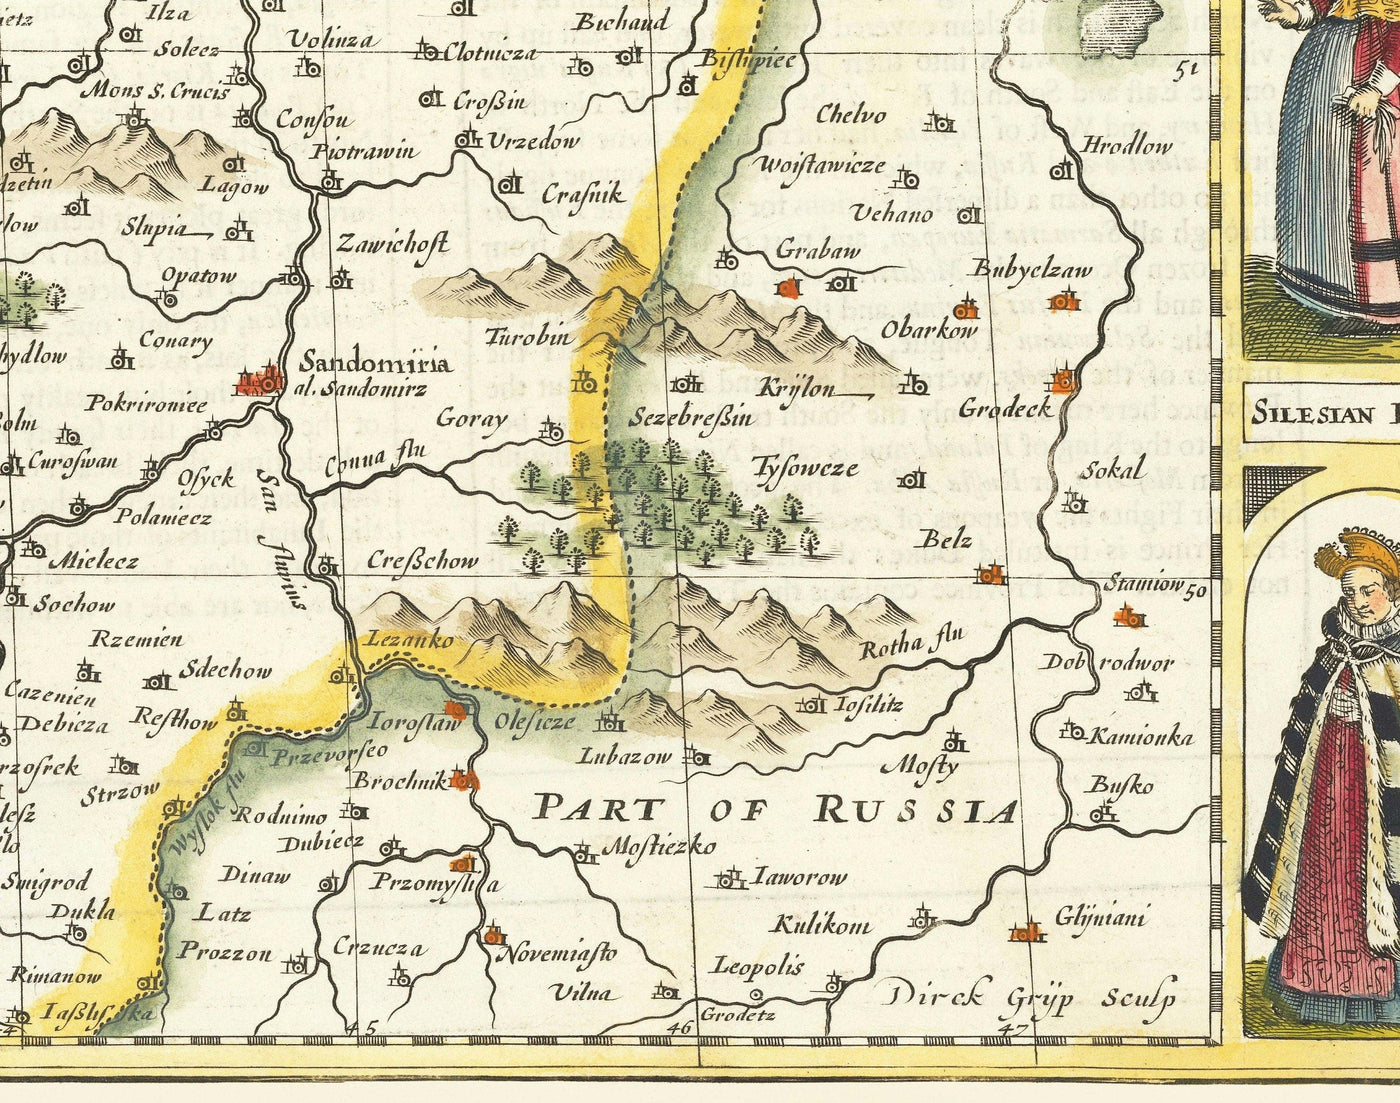 Raro viejo mapa de Polonia por John Speed, 1626-Alemania, Prusia, Lituania, Bohemia, Varsovia
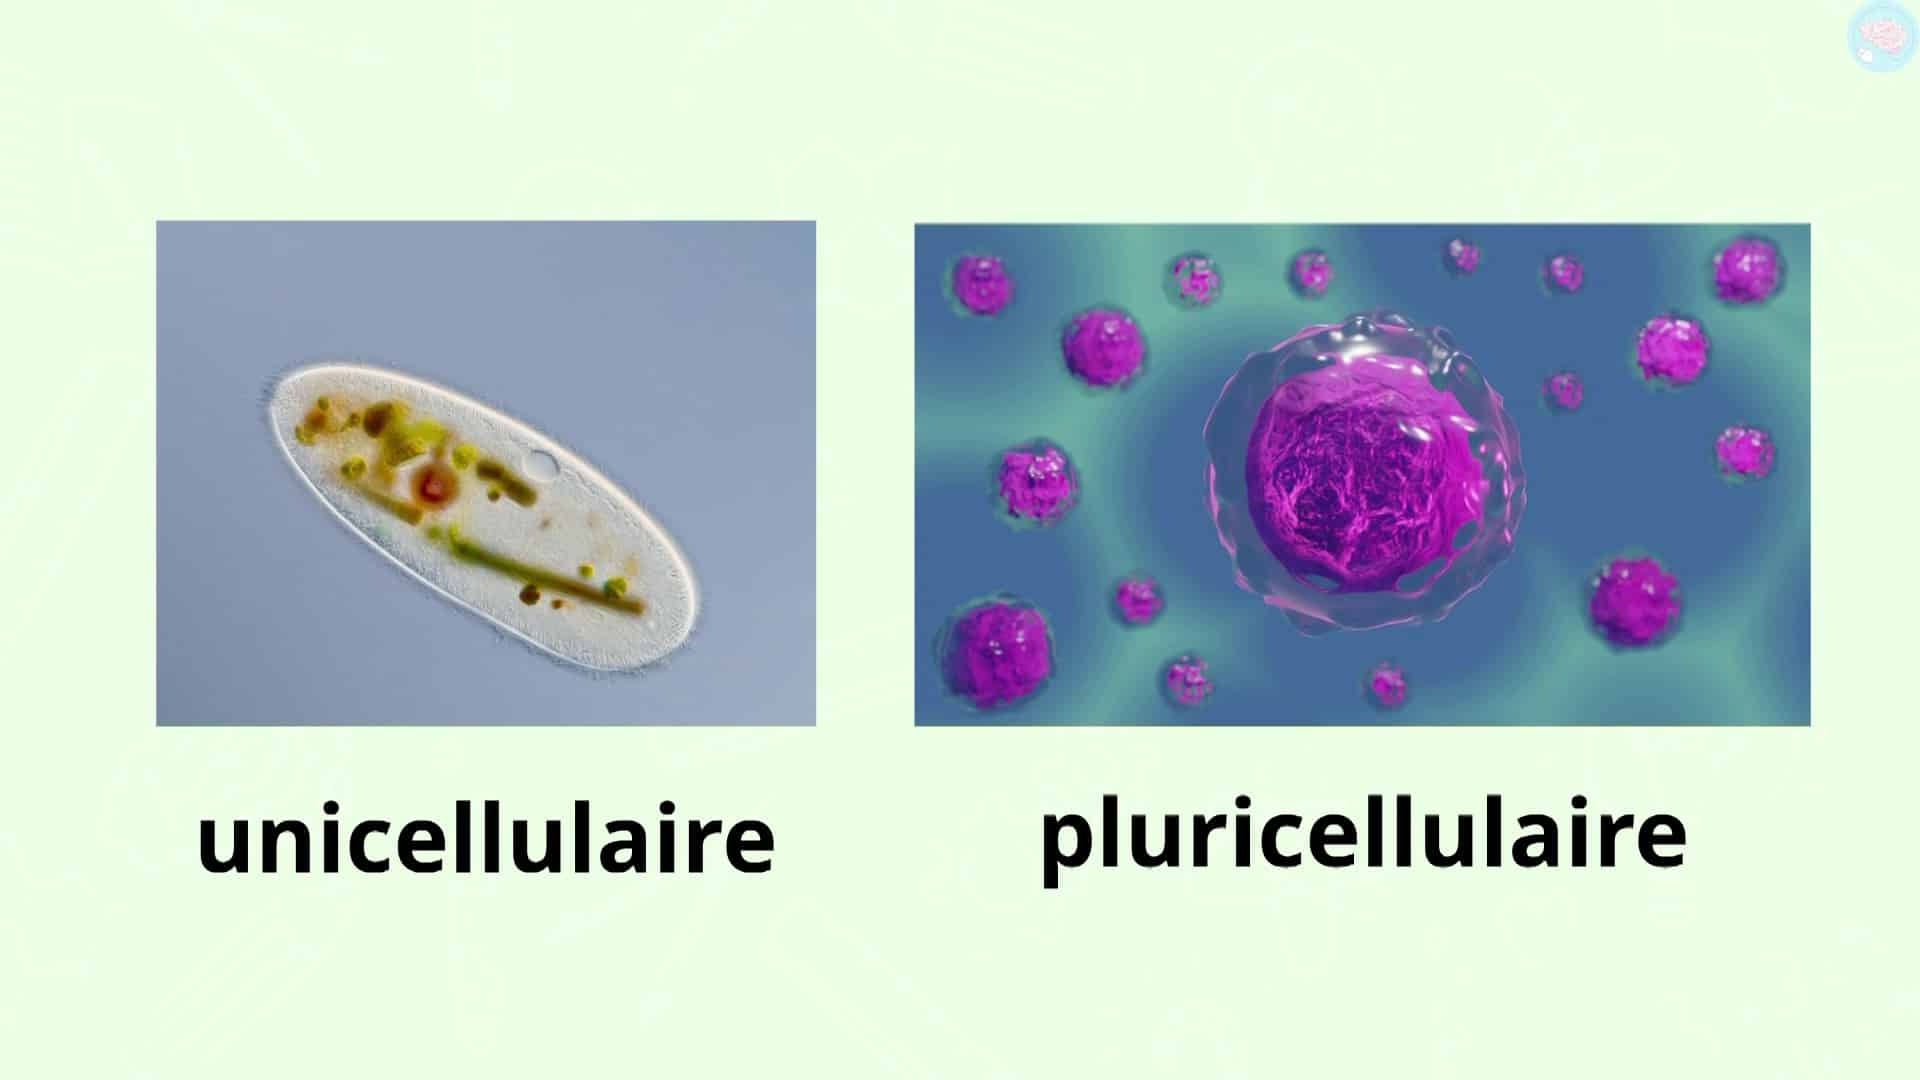 un être vivant unicellulaire et pluricellulaire
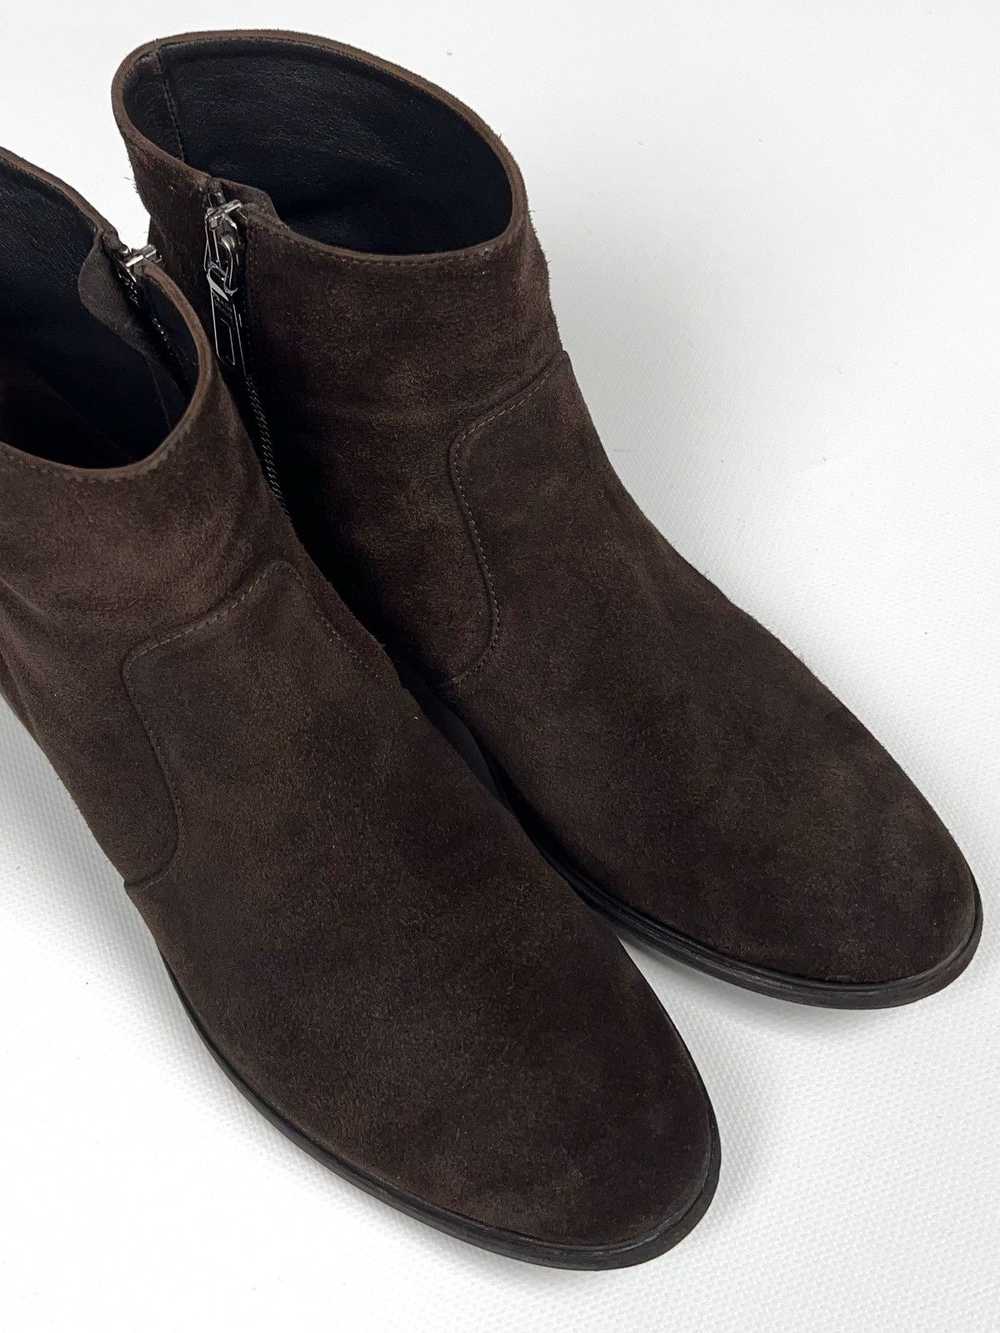 Prada Prada Brown Suede Zip Western Boots Vintage - image 9
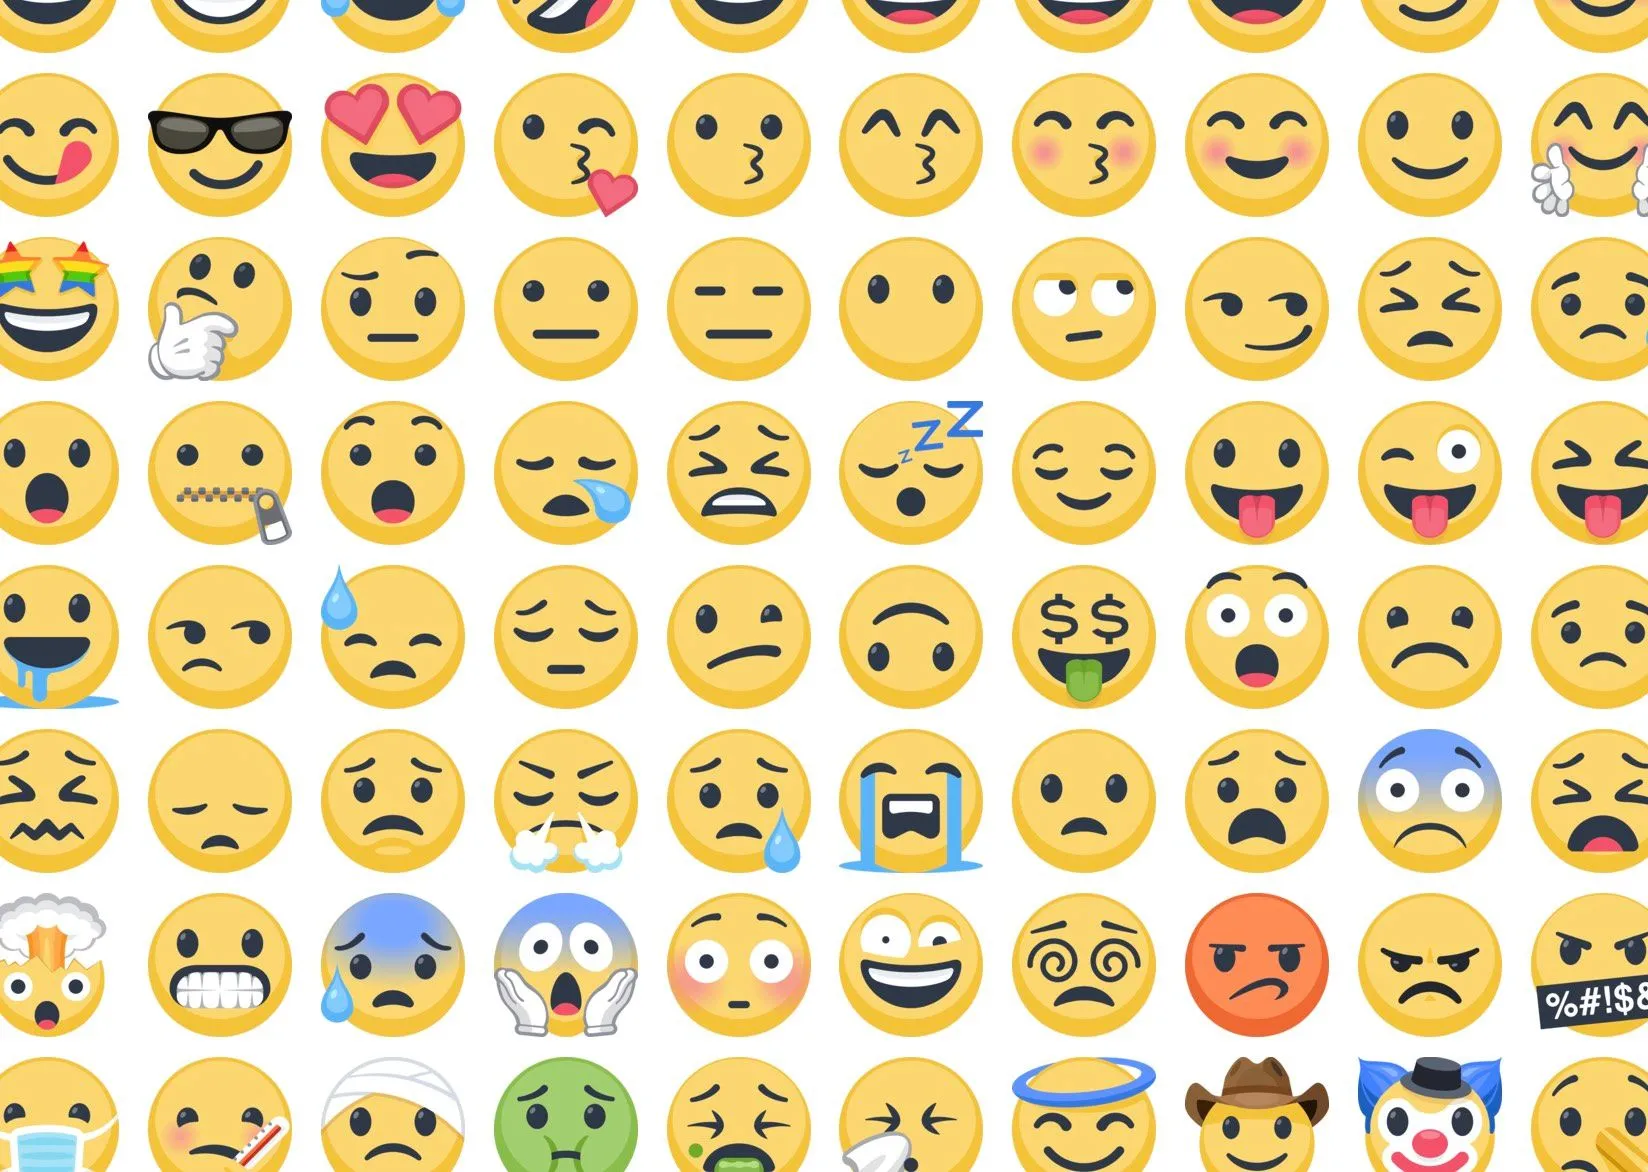 Emojis diversos utilizados nas redes sociais

Required work: The result should be the listing above, restated exactly, with no pictures in it.

Expected answer:
 Raro viejo mapa de Polonia por John Speed, 1626-Alemania, Prusia, Lituania, Bohemia, Varsovia
 un être vivant unicellulaire et pluricellulaire
 Prada Prada Brown Suede Zip Western Boots Vintage - image 9
 Emojis diversos utilizados nas redes sociais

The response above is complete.